Your assignment: What is needed is an exact copy of the listing, with no pictures in it.

Given material:
···

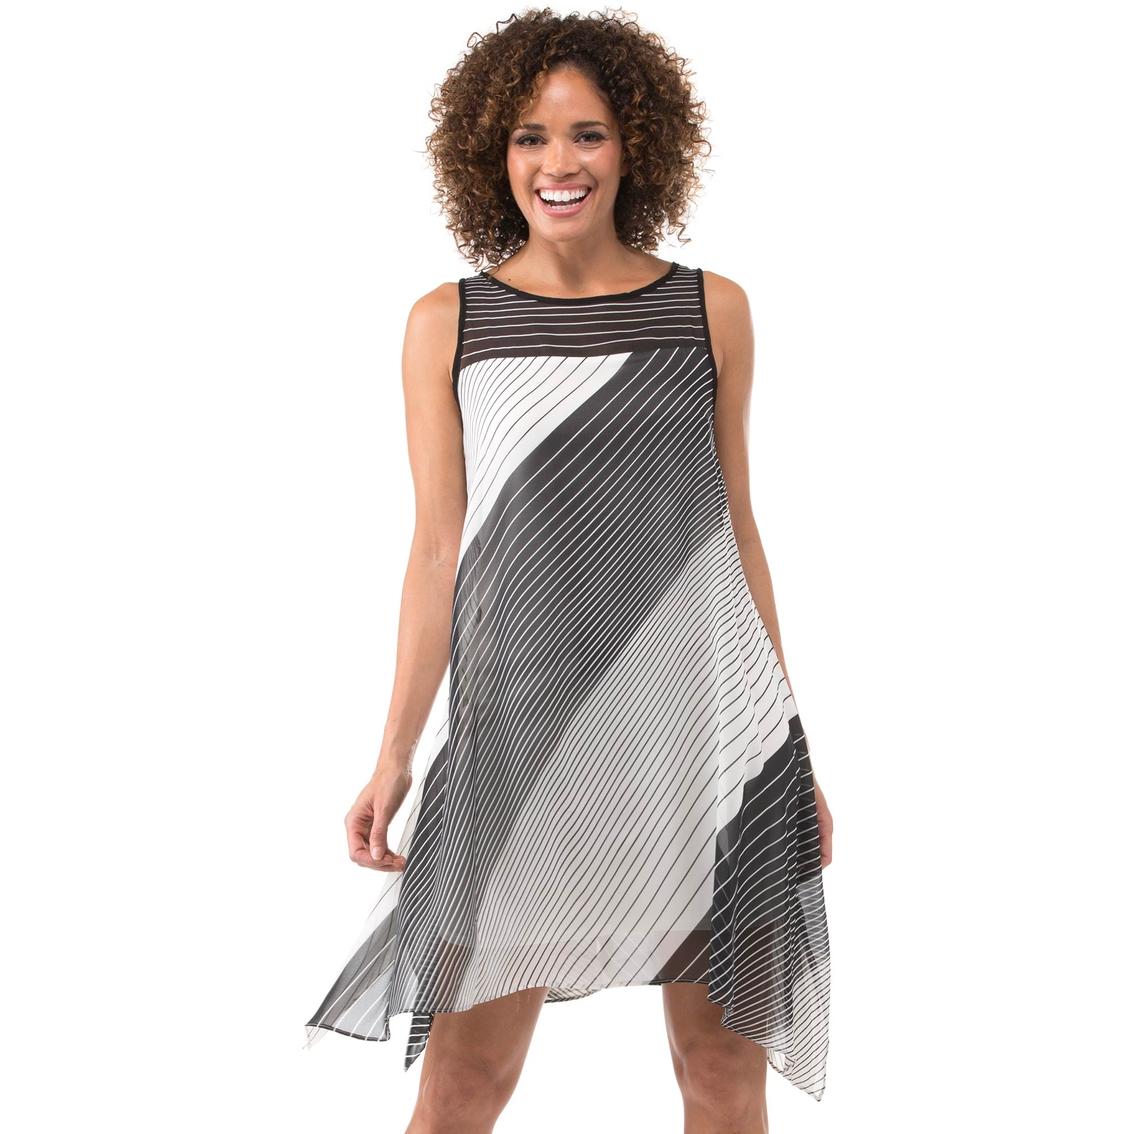 0a8b171d842c Robbie Bee Diagonal Striped Colorblock Chiffon Dress | Dresses ...
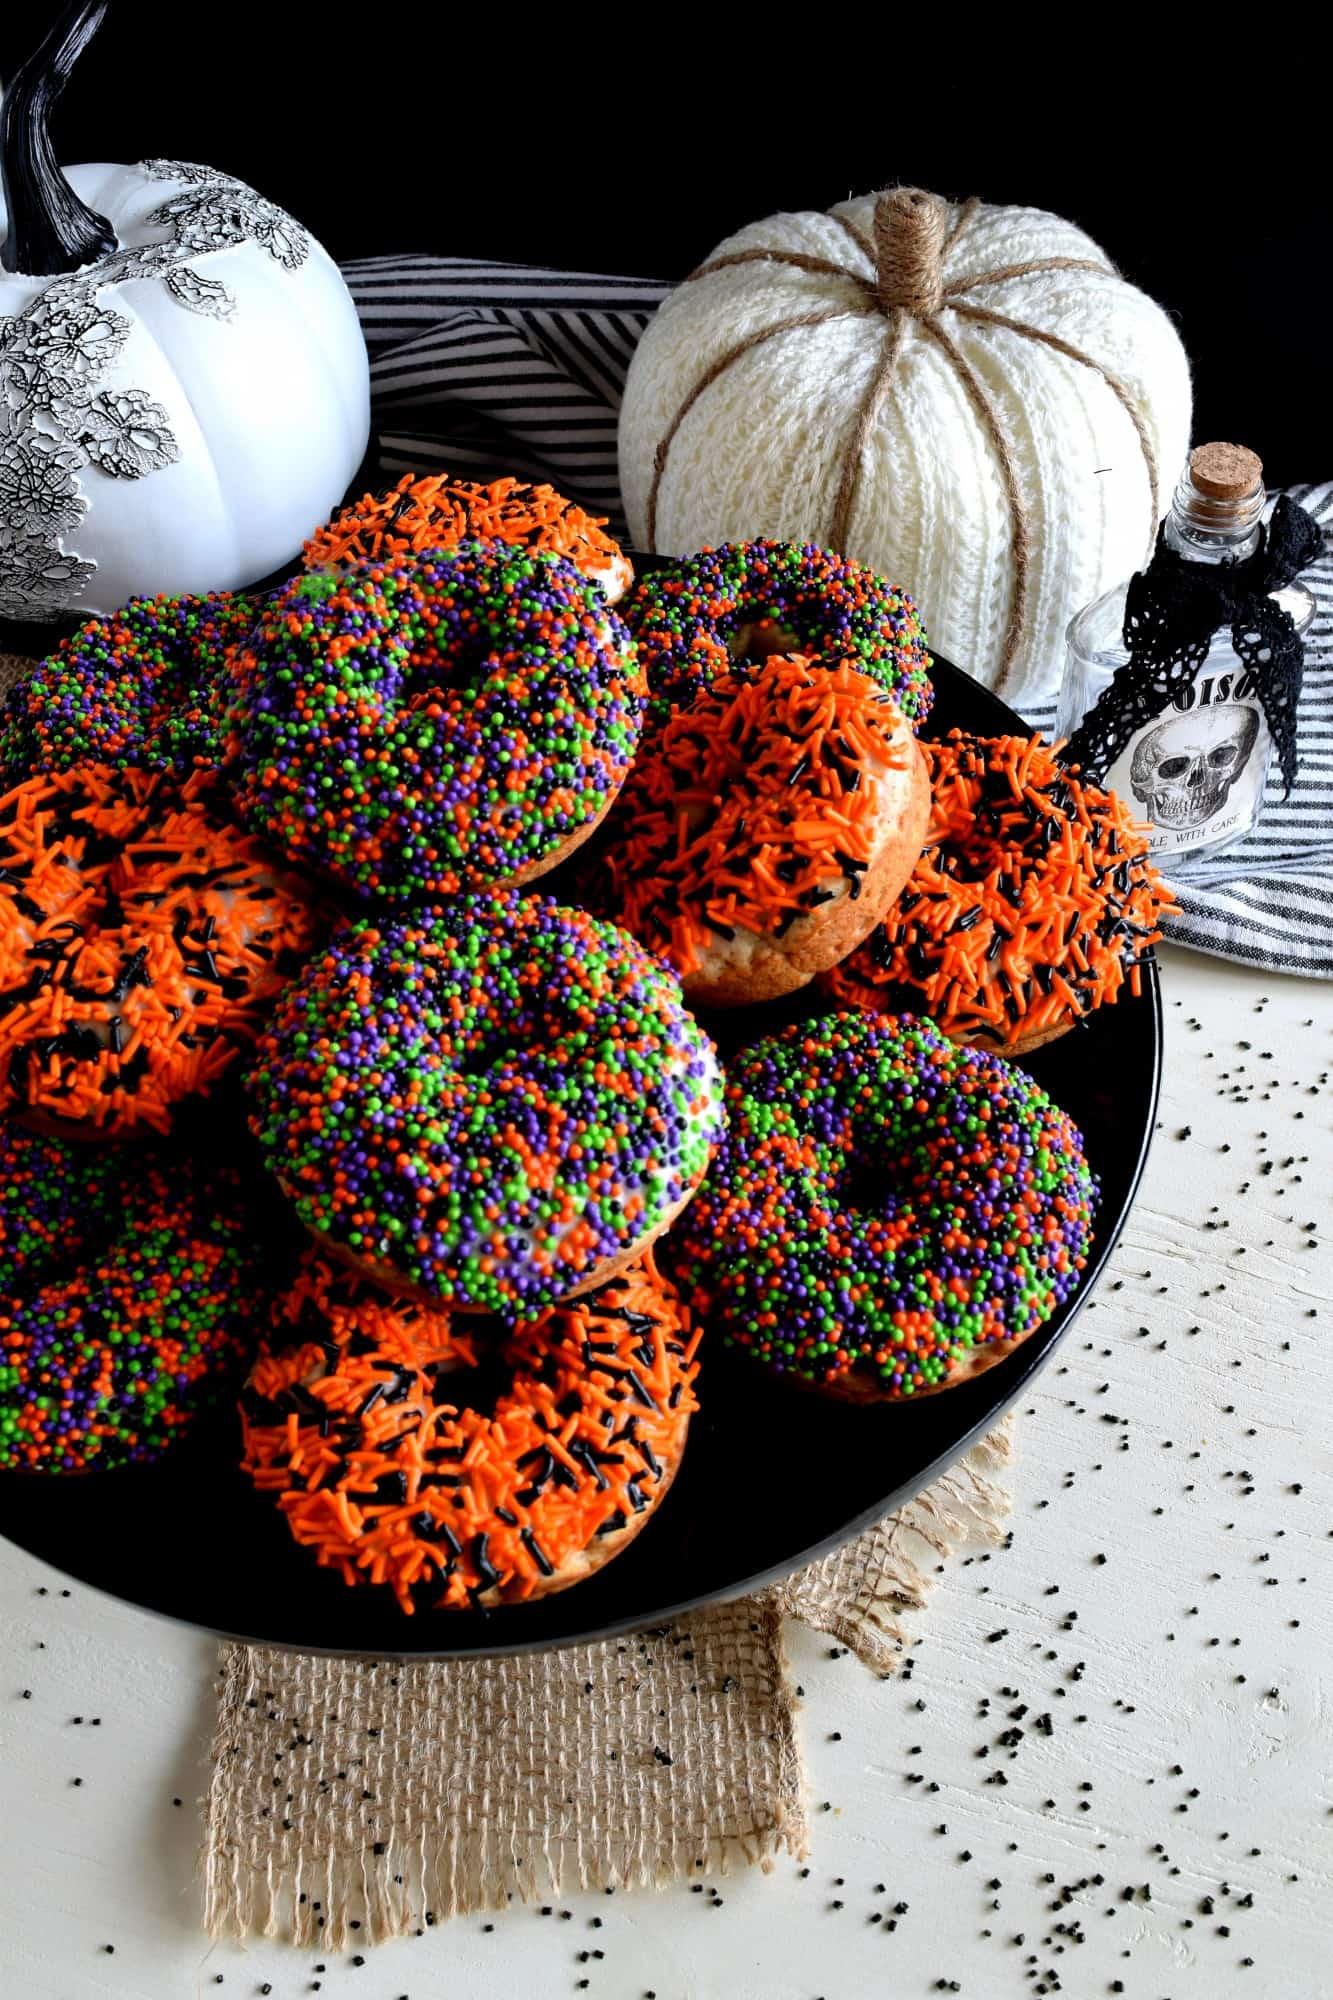 Pumpkin Spice Sour Cream Donuts
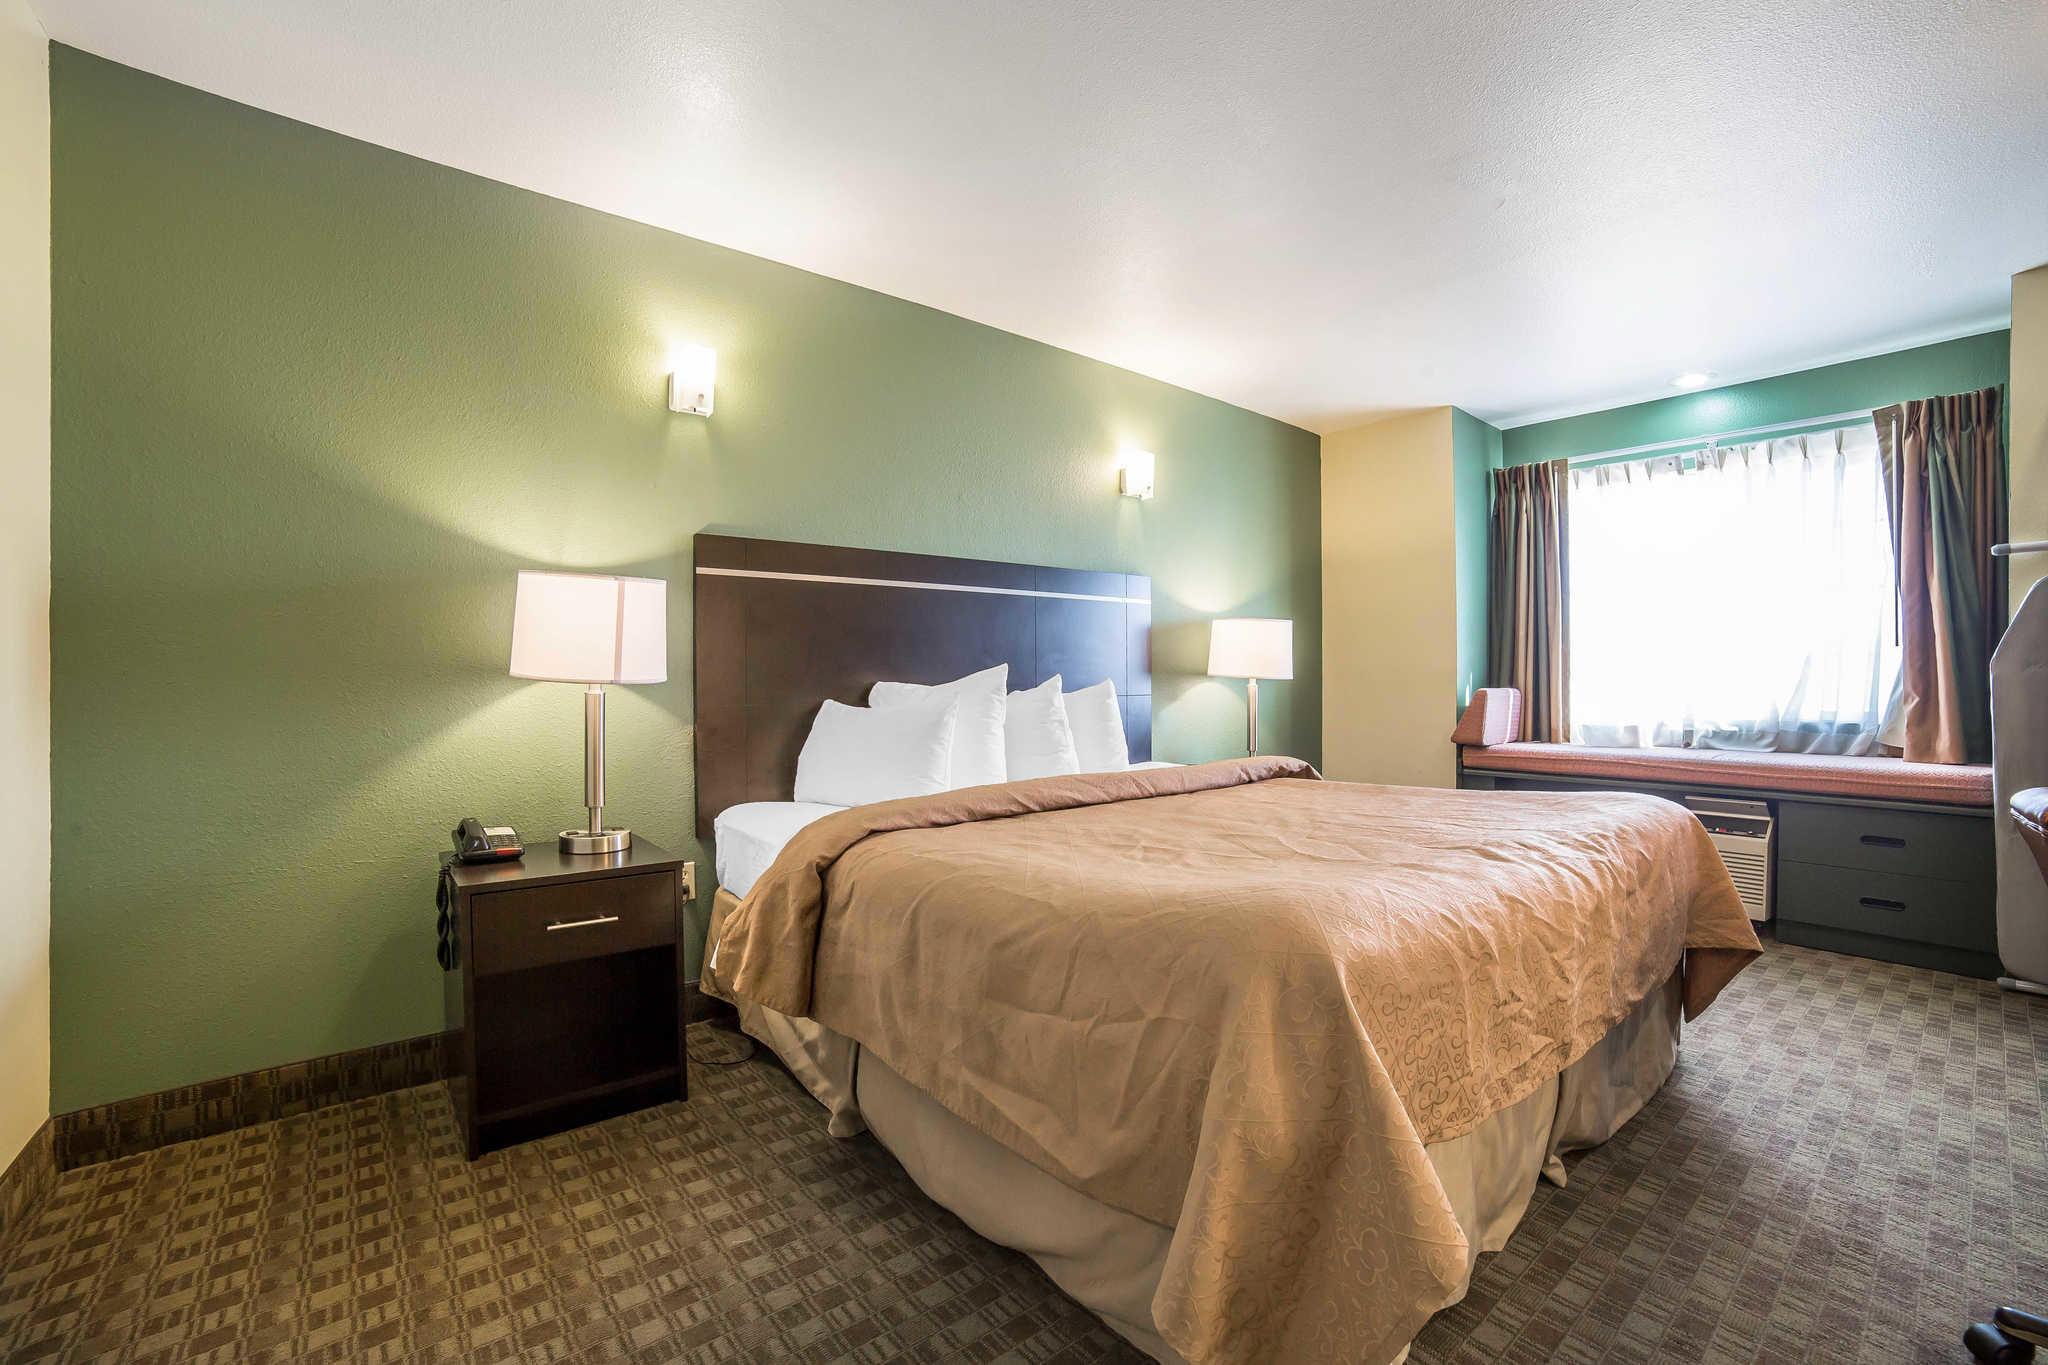 Quality Inn & Suites Elko image 7

···

Finished exercise:
 0a8b171d842c Robbie Bee Diagonal Striped Colorblock Chiffon Dress | Dresses ...
 Pumpkin Spice Sour Cream Donuts
 Quality Inn & Suites Elko image 7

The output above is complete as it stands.